Instructions for using sqlite DDLs for non-R users
Hi there!
I've been playing around trying to get the DDLs loaded for sqlite3, version 5.4 using the sqlite3 command line and I've been having a pretty rough go of it using the provided definitions.
I didn't find any documentation here or elsewhere about the @cdmDatabaseSchema notation in the ddl files, so I went ahead and removed them. I assume they are something used by the sqlrender utility - but I'm not an R user - I'm just trying to create a working OMOPCDM database in sqlite.
I also discovered that sqlite does not allow you to apply primary or foreign keys to tables using the ALTER TABLE commands provided. So, I wrote a brittle little script to apply the PK and FK definitions to the main _ddl.sql file.

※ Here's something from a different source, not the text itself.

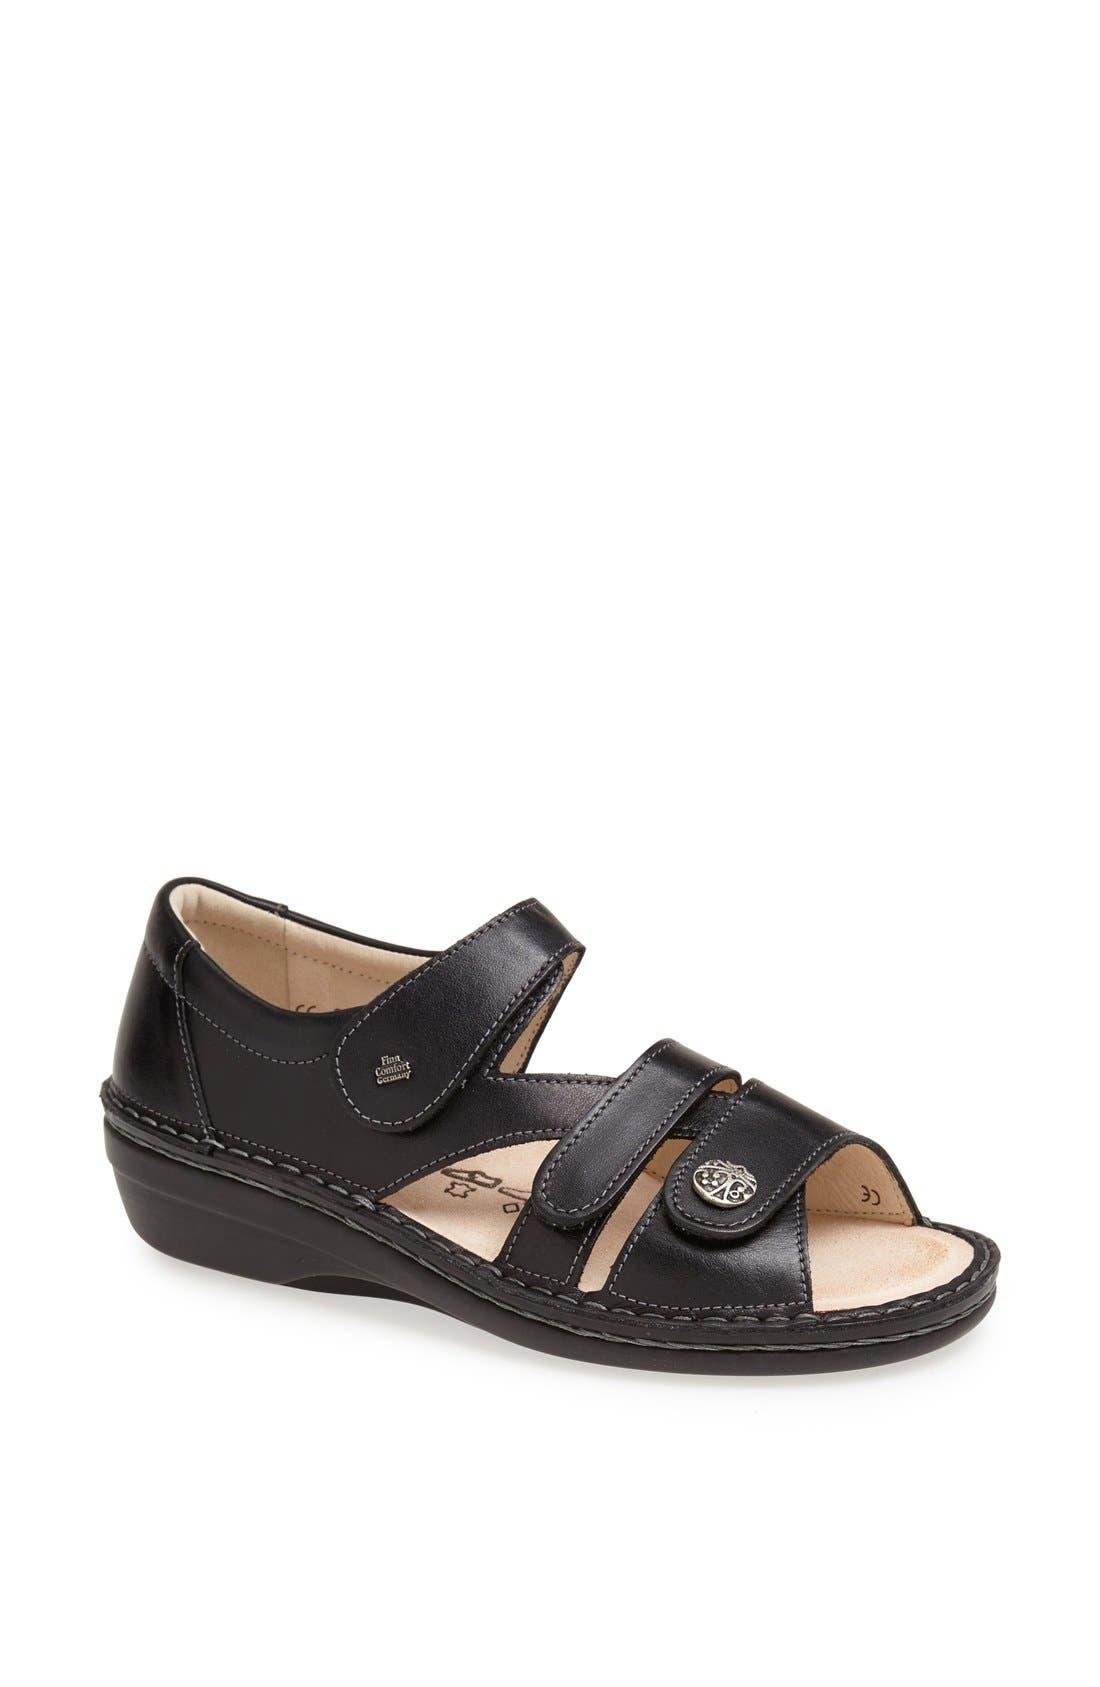 Finn Comfort 'Sintra' Sandal

This allows me to use the patched _ddl.sql file to define tables with PKs and FKs. The _indices.sql file seems fine as-is.
I did notice that the COHORT table is missing a PRIMARY KEY, so the foreign key check fails in a clean install for just that table. It almost seems like COHORT should have cohort_id integer PRIMARY KEY and COHORT_DEFINITION should have cohort_definition_id integer PRIMARY KEY - and then the COHORT table should have a FK on COHORT_DEFINITION.cohort_definition_id (instead, it seems backwards). But as it is now, if I make COHORT.cohort_definition_id the PK of the COHORT table - it gets me past the failing foreign key checks. Anyway, I expect some of that will change in future versions - my script includes a hack for this.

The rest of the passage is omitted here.